Capstone 09 — On-Device LLM (Quantize → MLX / llama.cpp / GGUF → Ship)
Phase: 11 — Capstone | Difficulty: ⭐⭐⭐⭐☆ | Time: 2–3 weeks
Real-world parallel: Apple Intelligence (on-device 3B model), Ollama, LM Studio, GPT4All, Pocket Pal, Microsoft Phi-3.5 on edge, Gemma Nano on Android, llama.cpp ecosystem. The capstone for edge AI / on-device inference roles.
Goals
Take a capable open-source LLM, squeeze it into a laptop or phone, and ship it as a real product. End-to-end:
- Pick a target: Llama-3.2-3B, Phi-3.5-mini-3.8B, or Qwen2.5-3B.

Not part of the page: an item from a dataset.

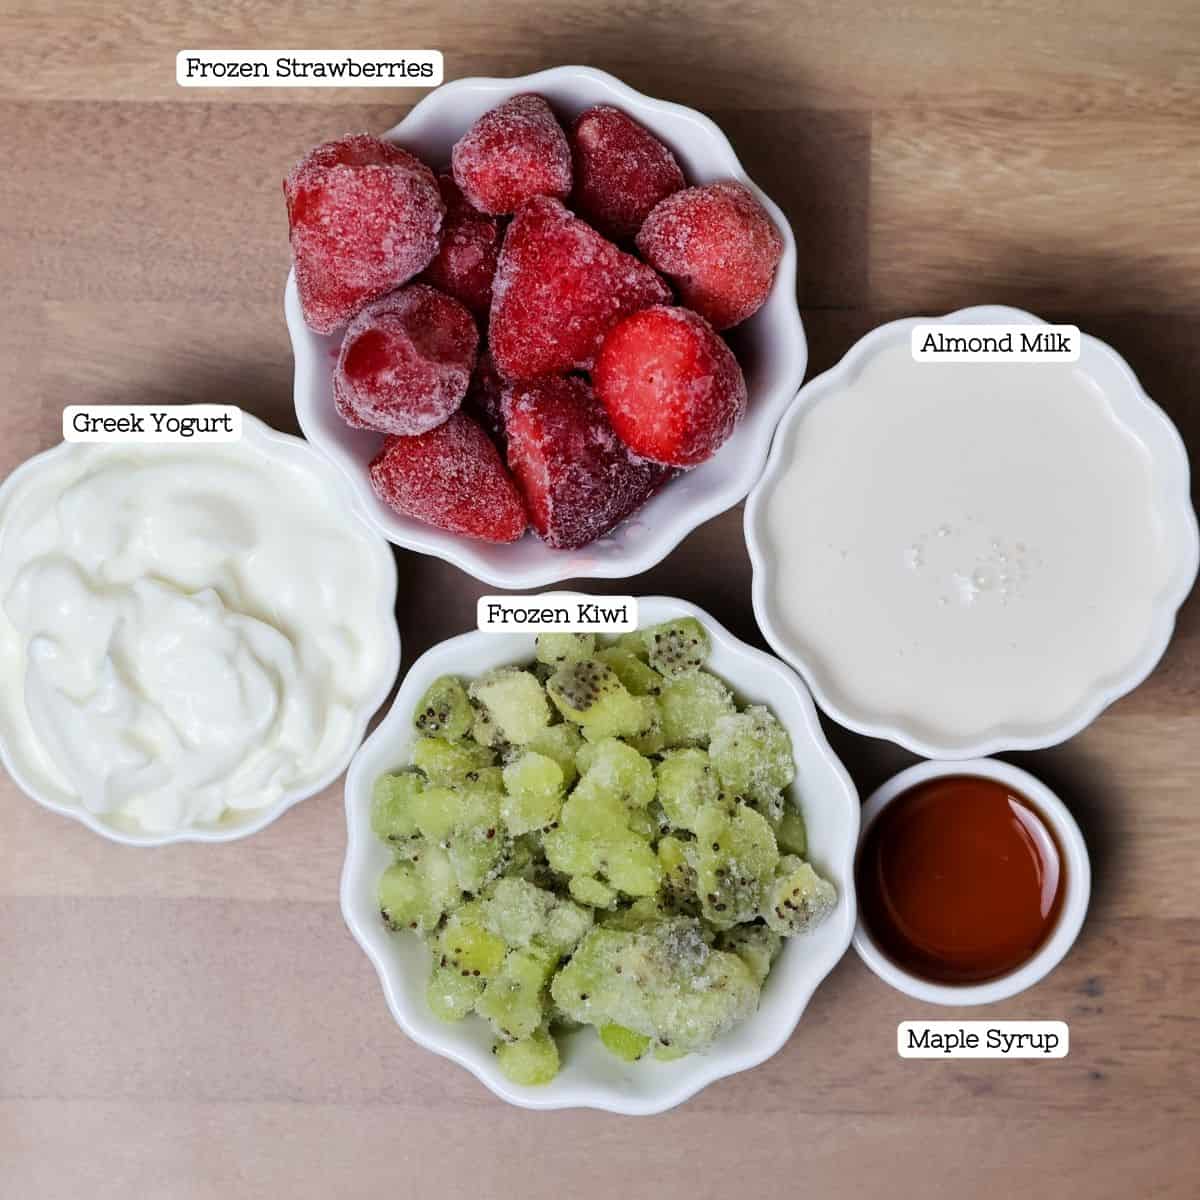 Overhead shot of fresh smoothie ingredients neatly arranged on a wooden surface. Clockwise from the top left, there’s a bowl of frosty frozen strawberries, a bowl of smooth almond milk, a small dish of rich maple syrup, and a bowl of vibrant frozen kiwi chunks. In the center, a bowl of creamy Greek yogurt anchors the composition, with labels for each ingredient.

- Quantize to multiple formats: GGUF Q4_K_M (CPU), GGUF Q5_K_M (quality), MLX 4-bit (Apple Silicon), AWQ INT4 (CUDA edge).
- Benchmark each for tokens/sec, RAM, perplexity, eval scores. Pick a Pareto-optimal default.
- Ship a real desktop app (Electron + Tauri / Swift / Flutter) with native streaming, model auto-download, and offline operation.
- Mobile bonus: iOS app via MLX-Swift or Android via MediaPipe / llama.cpp JNI.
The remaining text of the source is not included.